Quoting Zefram <[EMAIL PROTECTED]>:

Ed Murphy wrote:
I considered basing the renaming on Parliament, but I don't know
how the houses' votes are weighted;

In the House of Commons each member represents a constituency, which has
sane geographical boundaries and represents an approximately equal number
of people.  The constituency boundaries are redrawn piecemeal, year by
year, by an independent body (the Boundary Commission).  Each member has
one vote.  So this approximately matches the US House of Representatives
in theory, but the electoral politics are more like the Senate because
there is no gerrymandering.

In the House of Lords the members are mostly appointed.  Bishops of the
Church of England sit ex officio.  The Law Lords are senior judges who sit
due to the constitutional status of their job.  There are 92 members who
hold hereditary titles of nobility: such titles used to entitle the holder
to a seat in the Lords, hence its name, but now only this limited number
sit, elected by all the hereditary peers collectively.  The remaining
members, the life peers, are appointed by the monarch on the advice
of the prime minister, notionally on the basis of personal merit (but
sometimes on the basis of political donations).  There is no geographical
aspect at all.  This doesn't correspond to anything in the US system.
It comes close to representing specialist interests by occupation.

The composition of the Lords is in flux at the moment.  The removal of
most hereditary peers only occurred a few years ago.  The Law Lords will
be removed soon, as the position of the House of Lords as the ultimate
appeal court is going to be replaced by a separate Supreme Court.
There are some other separation-of-powers changes in progress too.

                                               (I also don't
know the short version of "bill originating in the House of ___".)
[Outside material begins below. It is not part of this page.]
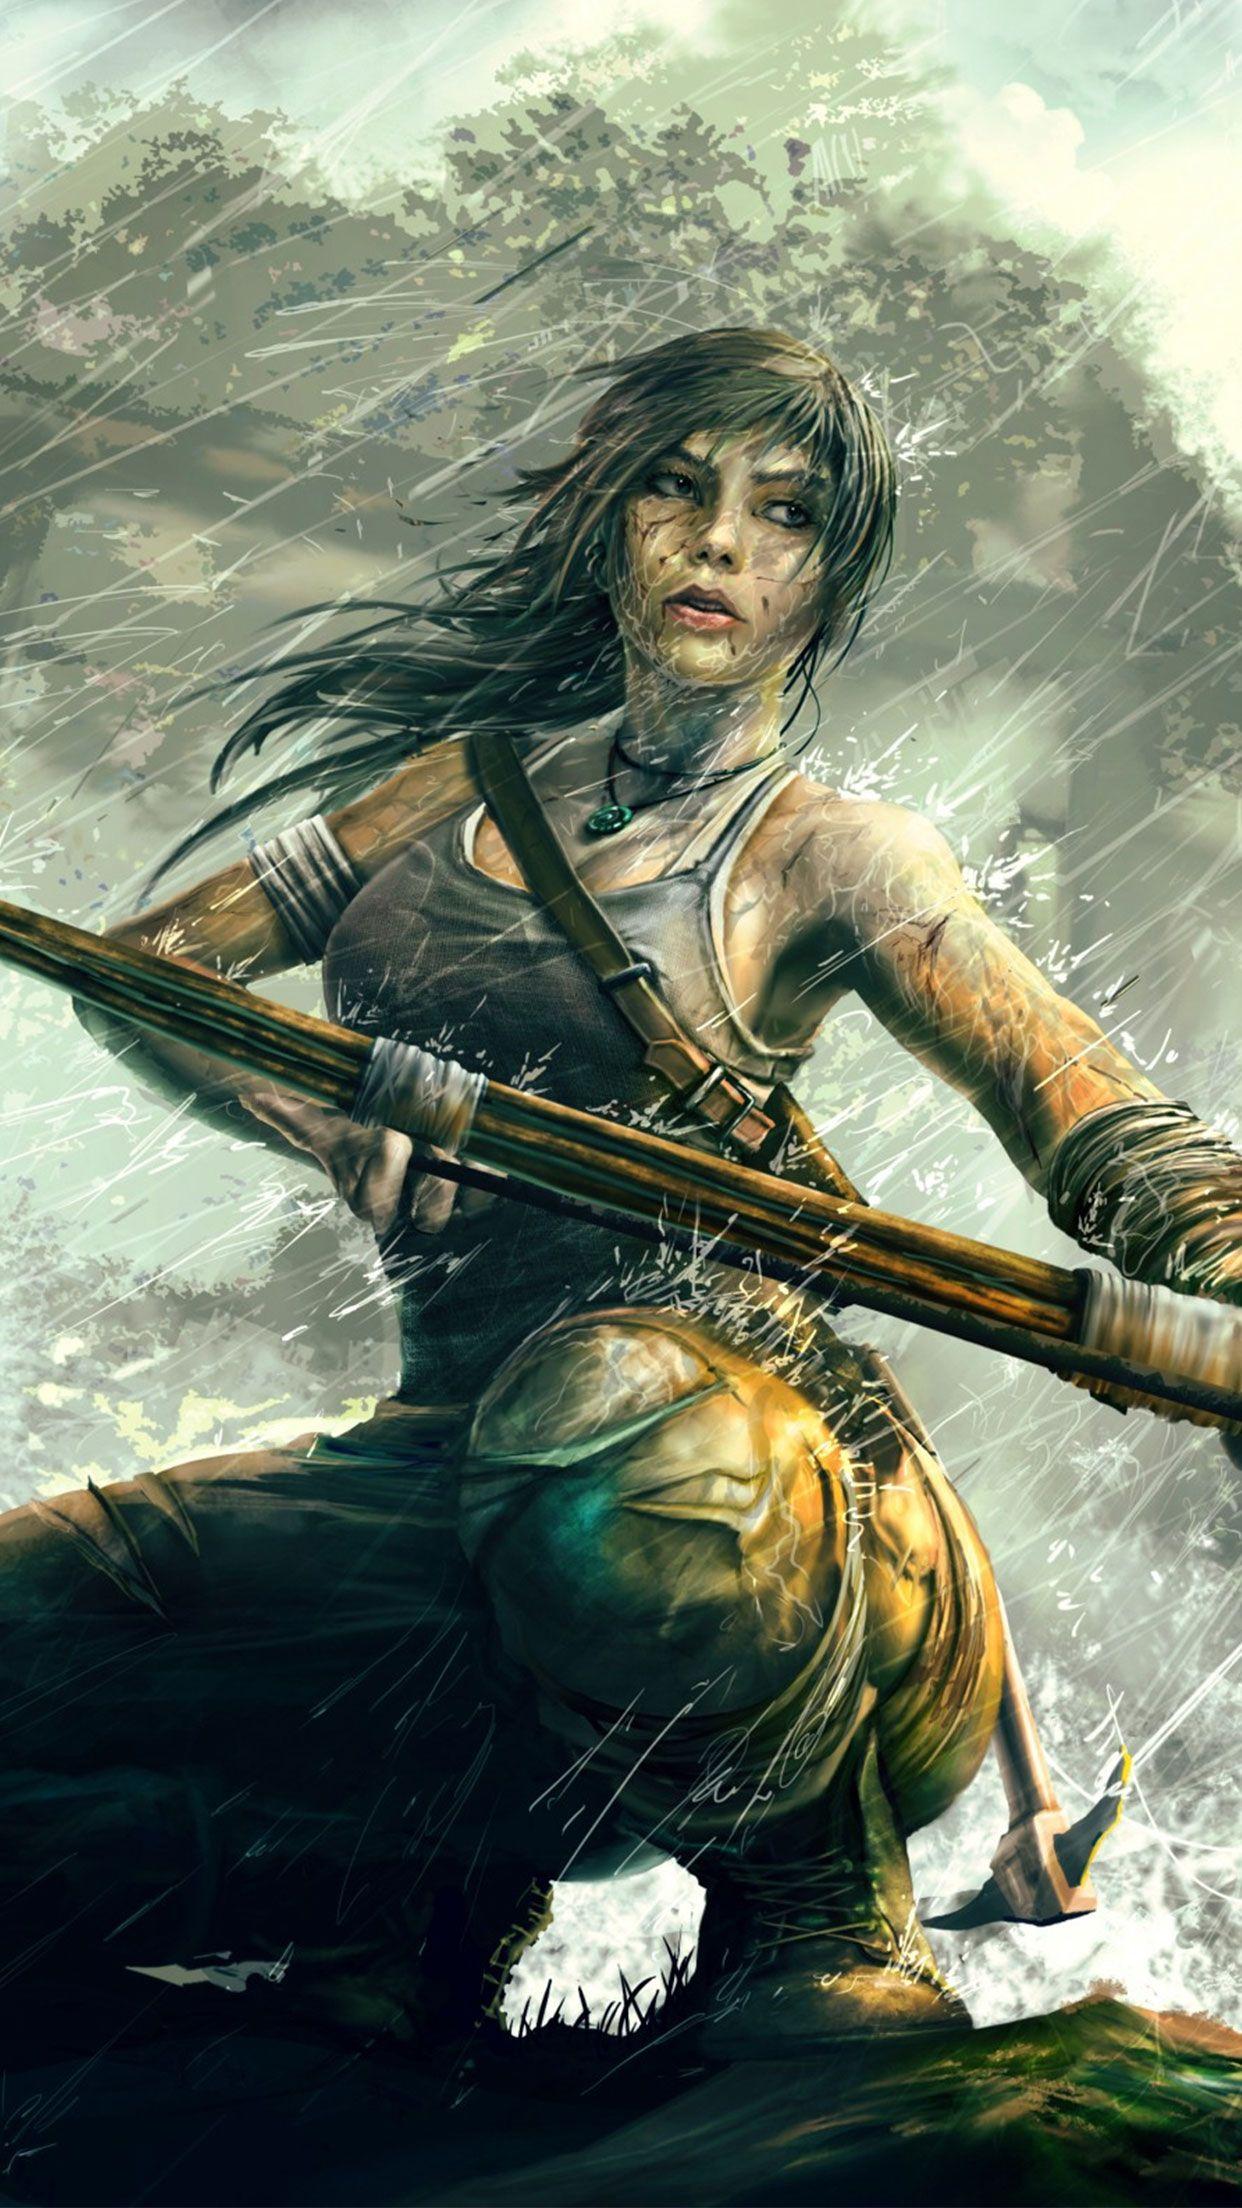 Tomb Raider Lara Croft Game Wallpaper For Iphone Android Tombraider Laracroft Game Wallpaper Che Tomb Raider Lara Croft Tomb Raider Wallpaper Tomb Raider

We don't have short terms for these, because the distinction is not often
significant.  Most bills are introduced in the Commons, and those that
are introduced in the Lords are done so basically for timetabling reasons.
Money bills are required to start in the Commons, and the Parliament Act
(whereby the Commons can overrule the Lords) can only be used on bills
that start in the Commons.  Apart from that it really doesn't matter
where a bill is introduced.

Bills are referred to by name, not number as in the US.  We also don't
get the radical divergence between versions of bills in the two houses.
Each house amends the bill and passes the revised version on to the
other.  Occasionally a section will be repeatedly amended back and
forth, but there's no formal process to reconcile the two versions:
it's a question of who gets bored first, or whether the Lords gets
sufficiently intimidated by a threat of the Parliament Act.

-zefram


What about all the devolved governments?